SOLUTION: A graduate psychology student finds that 64% of all first semester calculus students in Prof. Mean’s
class have a working knowledge of the derivative by the end of the semester.
Algebra.Com
Question 1190376: A graduate psychology student finds that 64% of all first semester calculus students in Prof. Mean’s
class have a working knowledge of the derivative by the end of the semester.
a) Take X = percentage of students who have a working knowledge of calculus after 1 semester,
and find a beta density function that models X, assuming that the performance of students in
Prof. Mean’s is average.
b) Find the median of X (rounded to two decimal places) and comment on any difference between
the median and the mean.
Density function of the β- distribution is given by
f(x) = (β + 1)(β + 2)x^β(1 − x); x ∈ [0; 1], β > 0
Answer by CPhill(1959) (Show Source): You can put this solution on YOUR website!

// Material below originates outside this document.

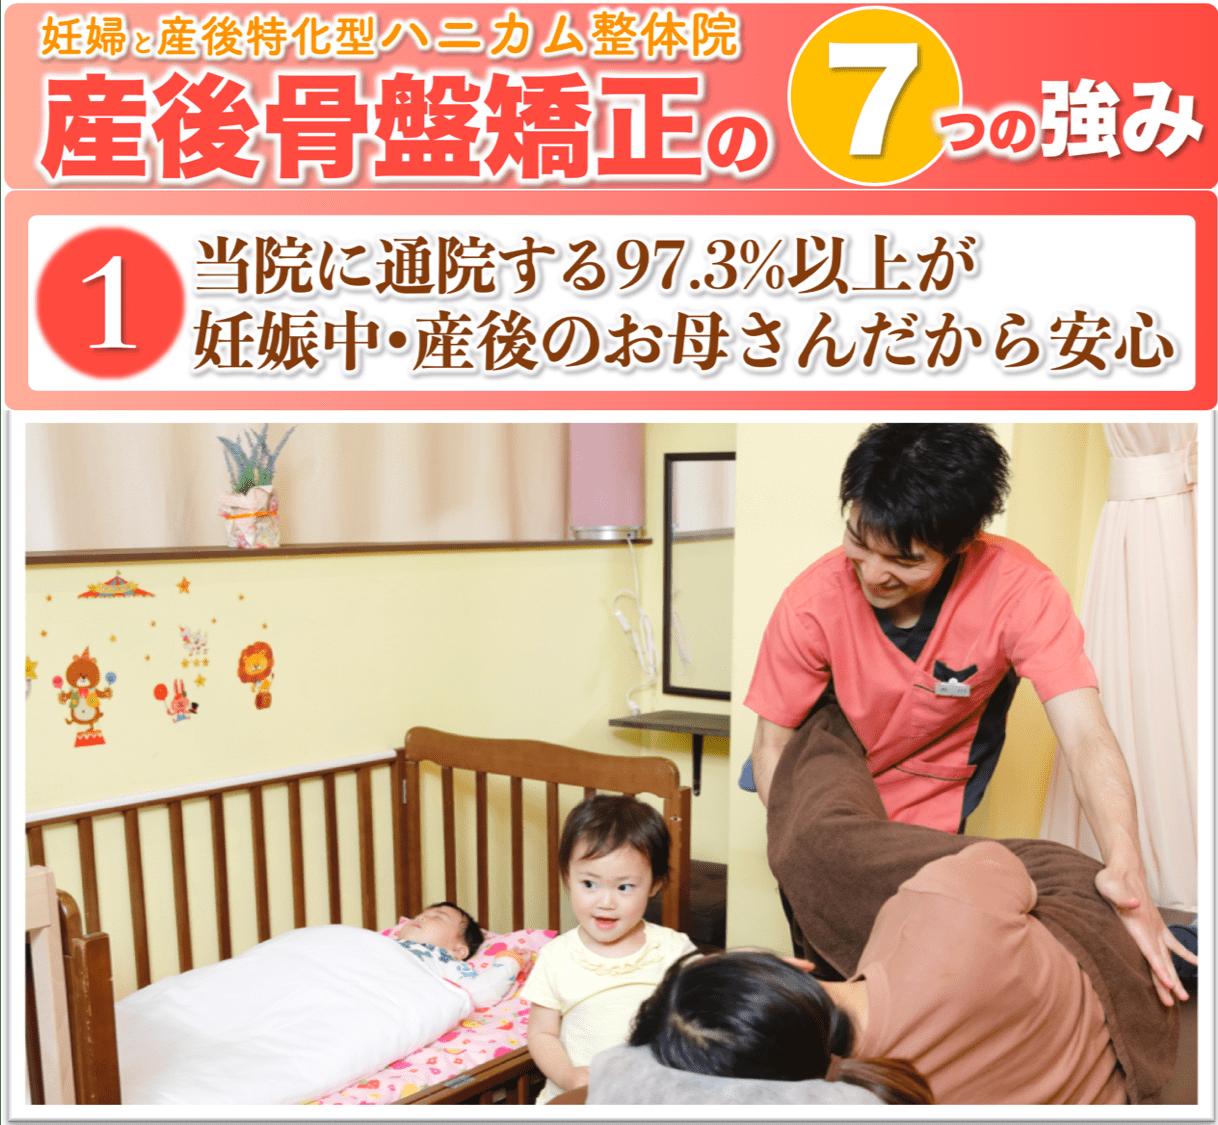 妊婦と産後特化型ハニカム整体院97.3が妊婦さんと産後ママ

**a) Finding the Beta Density Function**
The beta distribution is often used to model probabilities and proportions, making it suitable for representing the percentage of students with calculus knowledge. The given beta density function is:
f(x) = (β + 1)(β + 2)x^β(1 − x), x ∈ [0, 1], β > 0
To determine the specific beta distribution that models X, we need to find the value of the parameter β. We're told that the performance of students in Prof. Mean's class is average. In the context of a beta distribution, "average" implies that the mean of the distribution is equal to the observed proportion of students with calculus knowledge, which is 64% or 0.64.

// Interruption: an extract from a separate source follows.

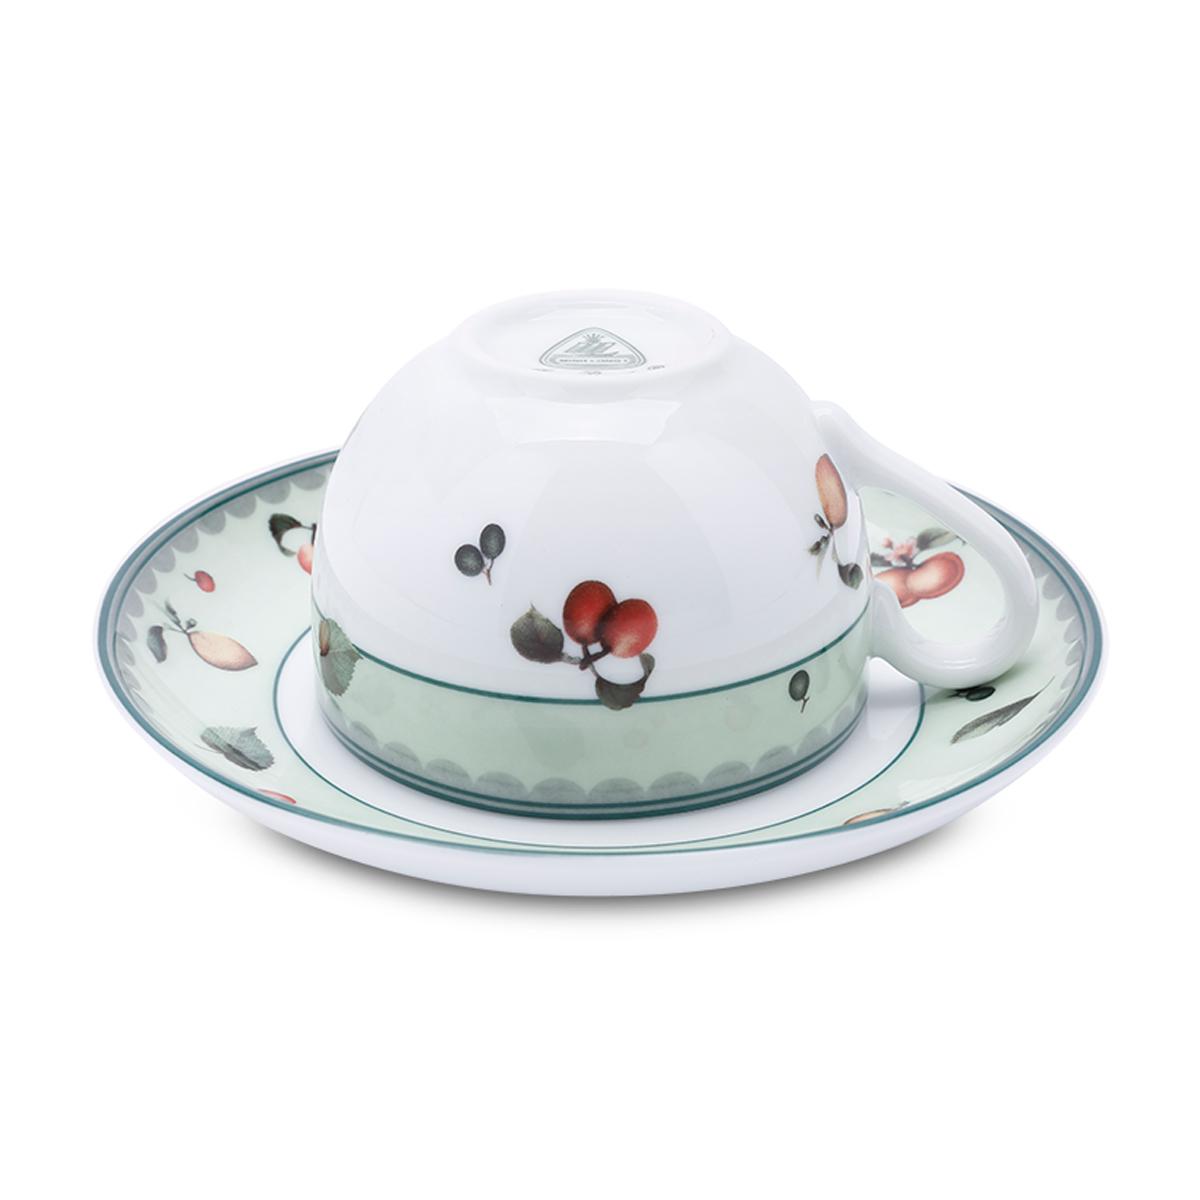 Bộ Trà 0.8L – Camellia – Quả ngọt - MNV-CM01803801903

The mean of a beta distribution with the given density function is:
Mean = β / (β + 2)
We can set this equal to the observed proportion and solve for β:
0.64 = β / (β + 2)
0.64(β + 2) = β
0.64β + 1.28 = β
1.28 = 0.36β
β ≈ 3.56
Therefore, the beta density function that models X is:
f(x) = (3.56 + 1)(3.56 + 2)x^3.56(1 − x) = 25.47x^3.56(1 − x), x ∈ [0, 1]
**b) Finding the Median and Comparing it to the Mean**
The median of a distribution is the value that divides the distribution in half, meaning 50% of the values are below the median and 50% are above. For the given beta distribution, the median is not easily calculated directly. However, we can use numerical methods or software to approximate it.
Using a numerical solver, the median of X is approximately 0.62.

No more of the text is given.